Evan Kelly  7:32  Yeah, that's that's obviously the biggest sort of the biggest piece there. So it's clear you don't believe assigning blame is productive, of course. But where do you think we need to be directing our energy instead?
Jeanne Hansen  7:44  Well, I sat back for the last year and just kind of thought of different things, but was waiting to see what would come up out of this report from the coroner's office, what the government might want to do, no point reinventing the wheel, if there's things that are going to be put into place. But there's a lot of gaps in what's come out that need to be filled. A lot of it is just awareness, and trying to figure out different ways to fill those gaps. And sometimes, there's not enough funding, there's not enough time, there's not enough people, there's not enough for the government to do. So it's kind of up to us to take some personal responsibility to try and fill those gaps. And that's what I'm trying to do.
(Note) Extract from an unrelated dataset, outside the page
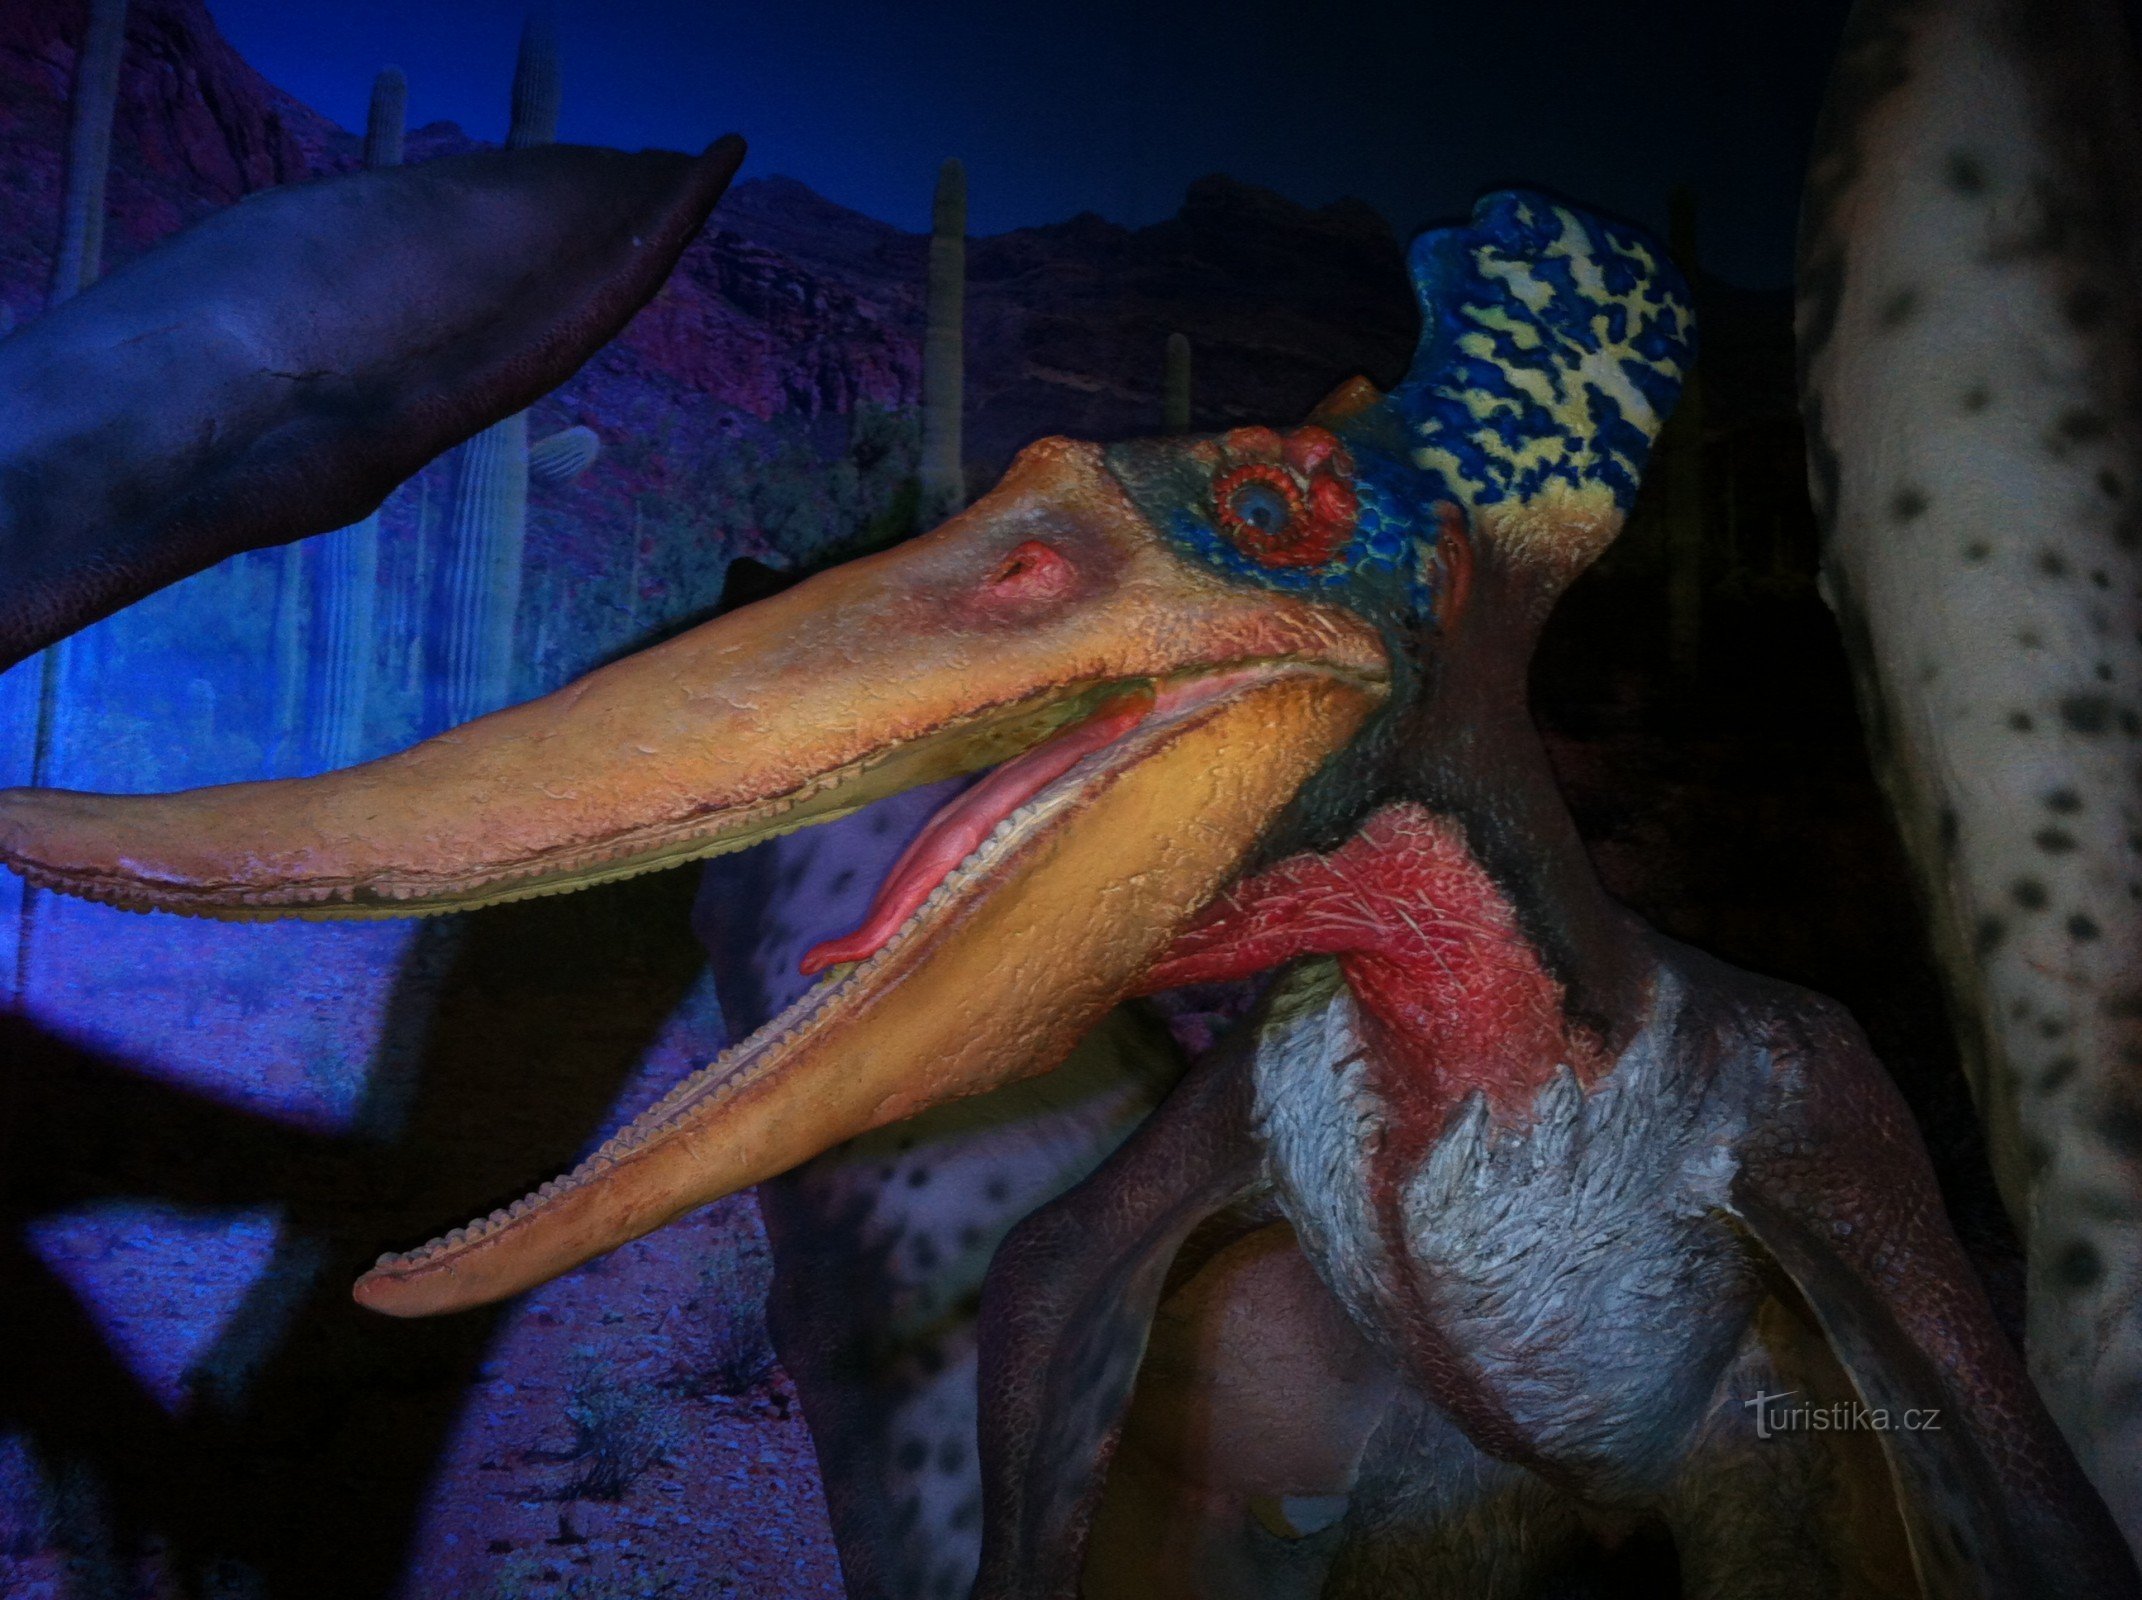 UNIQUE EXHIBITION Return of the Dinosaurs - DinoPark Tour 2015

Evan Kelly  8:31  And you're creating sort of I guess we've got a Facebook page up and what else are you doing to try and raise awareness to get people motivated to sort of, you know, maybe look out for each other a little better? 
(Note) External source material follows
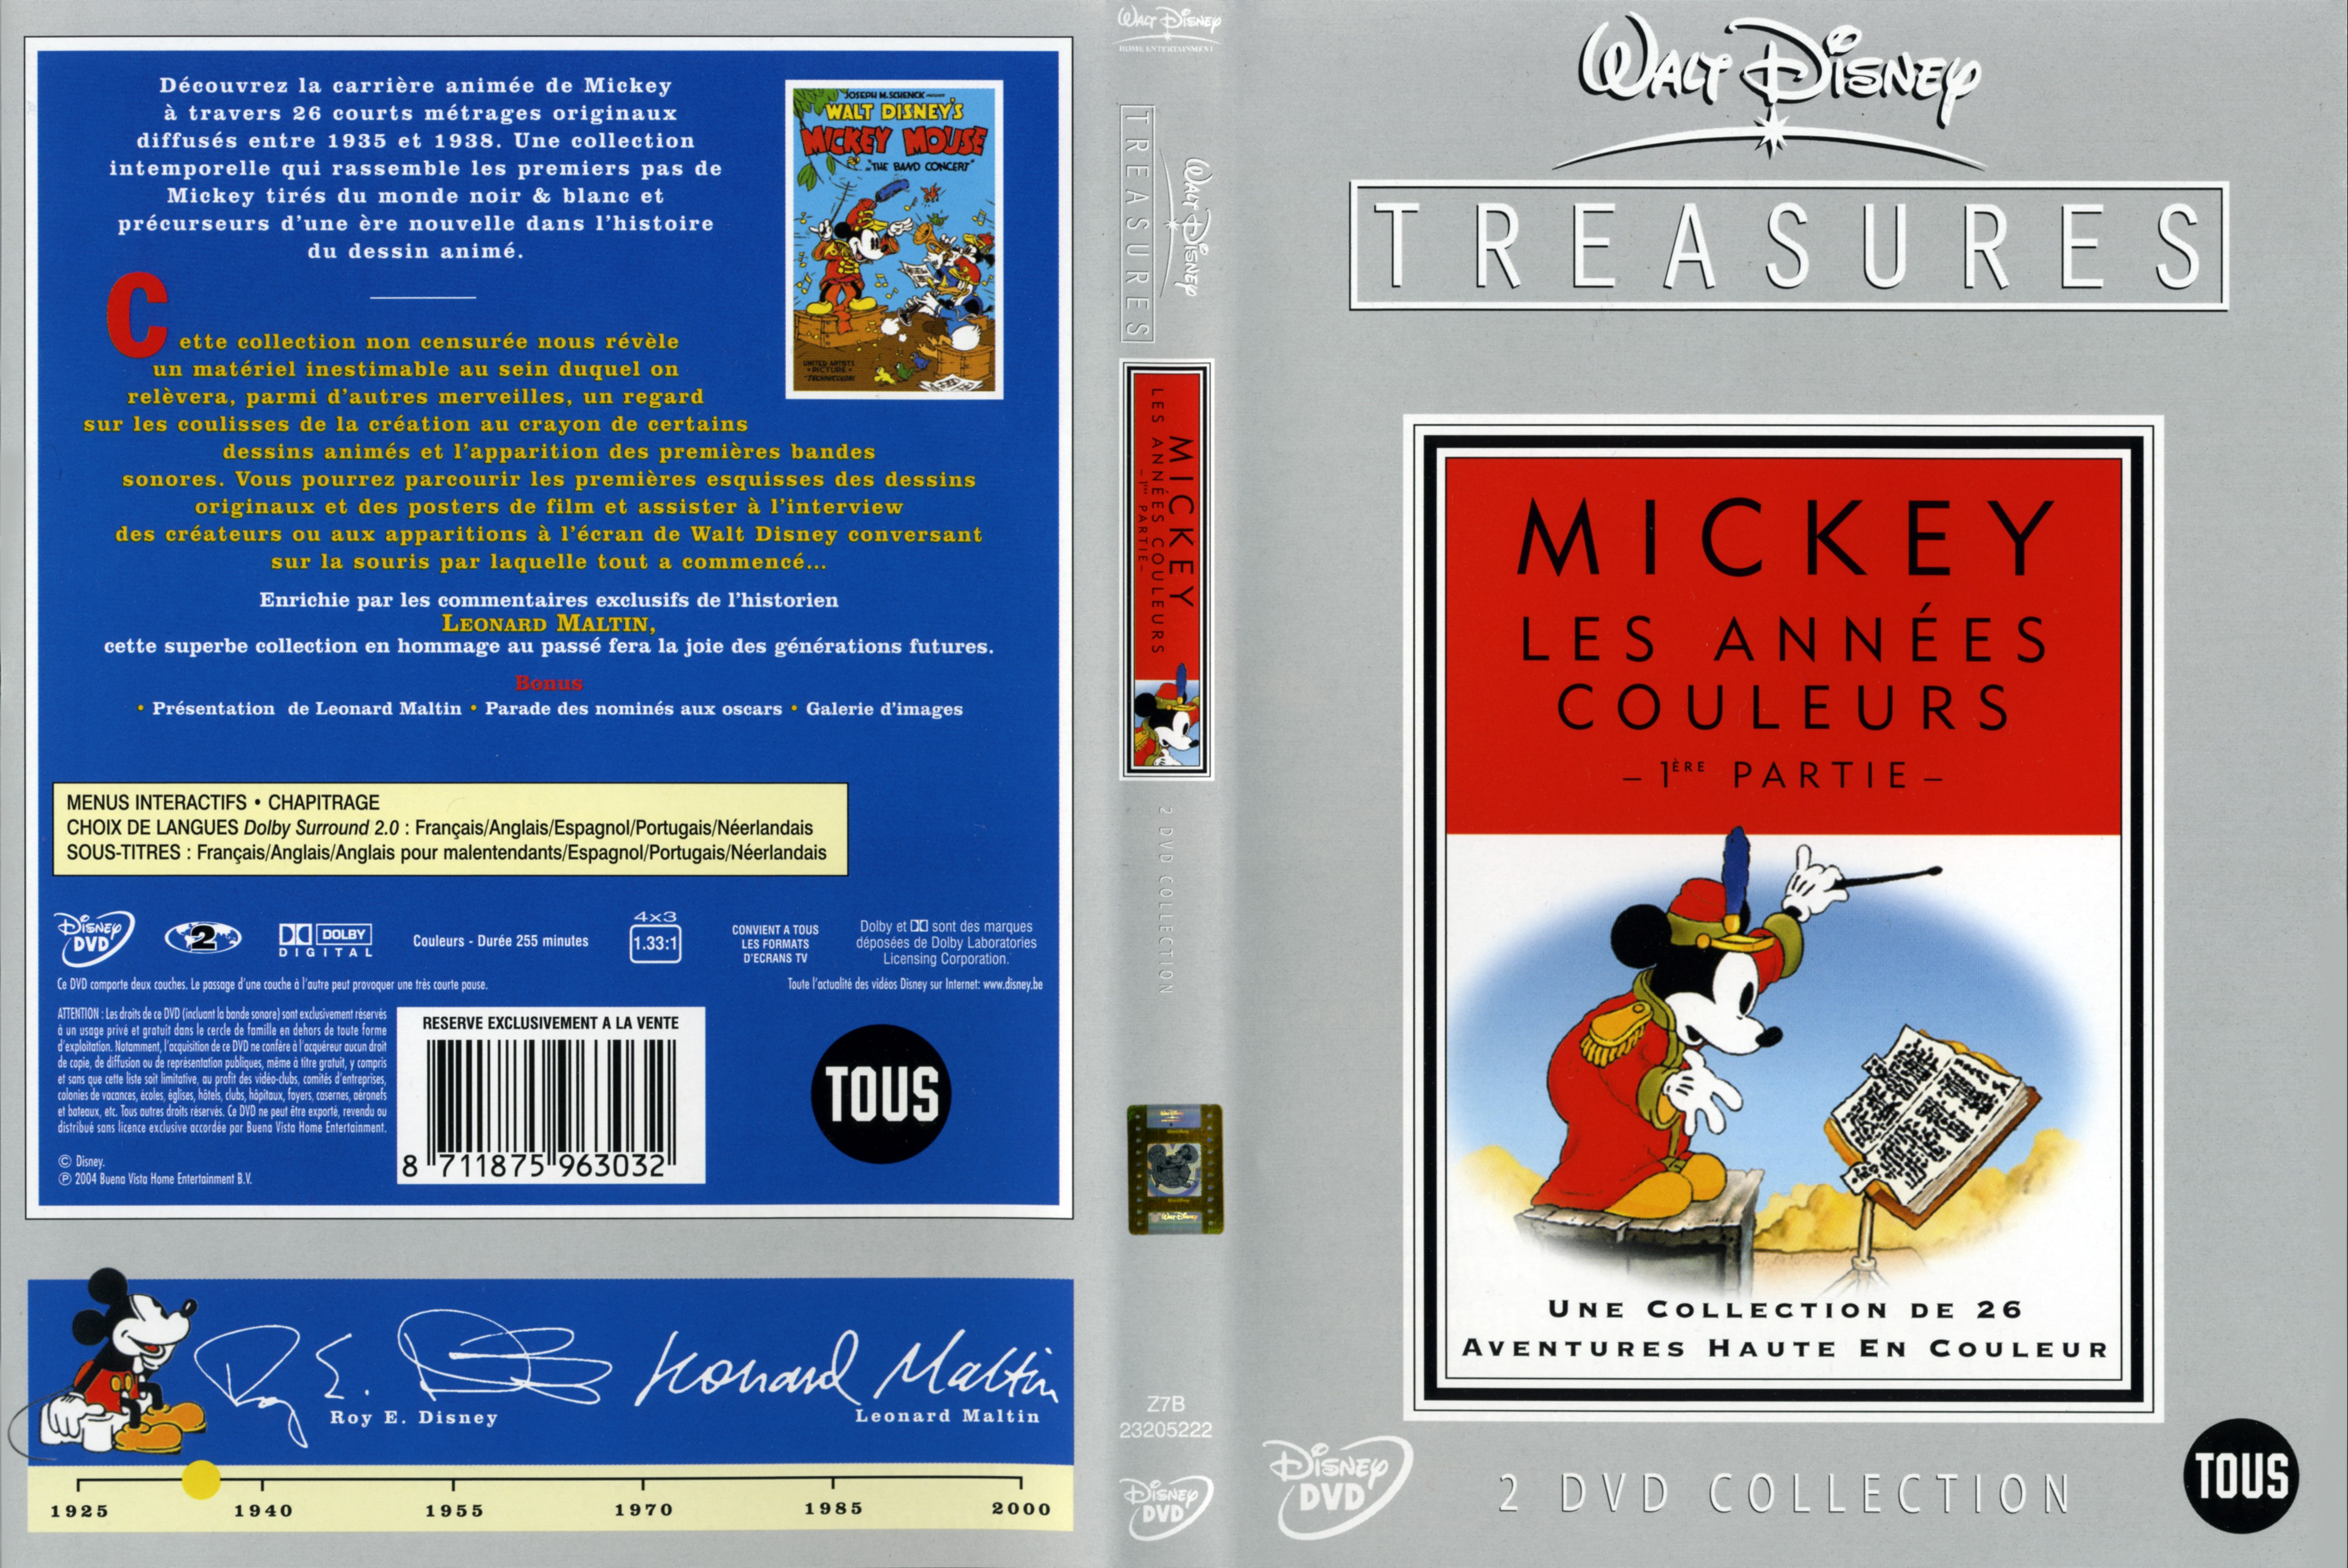 Jaquette DVD Mickey les annees couleurs 1 ere partie

Jeanne Hansen  8:41  Well, a lot of things like this, media, we've done some reports, some print, some news reports, the Facebook page, email, anybody can reach out and say, hey, what can I do? Can I donate a fan? Can I, I work for an air conditioning company, and I want to see about what we can do to help, or just... it doesn't have to be money. It doesn't have to be anything like that. If you don't have those, maybe you live in a building that is a little bit older that doesn't have central AC or anything like that. And maybe you can volunteer to coordinate door knockers in your building to just go and check on people. It can be something as simple as just putting a signup sheet down in your lobby that anybody can sign up for and say they are they want to be a volunteer to help knock on doors or they want to be put on a list to make sure that someone comes check in on them.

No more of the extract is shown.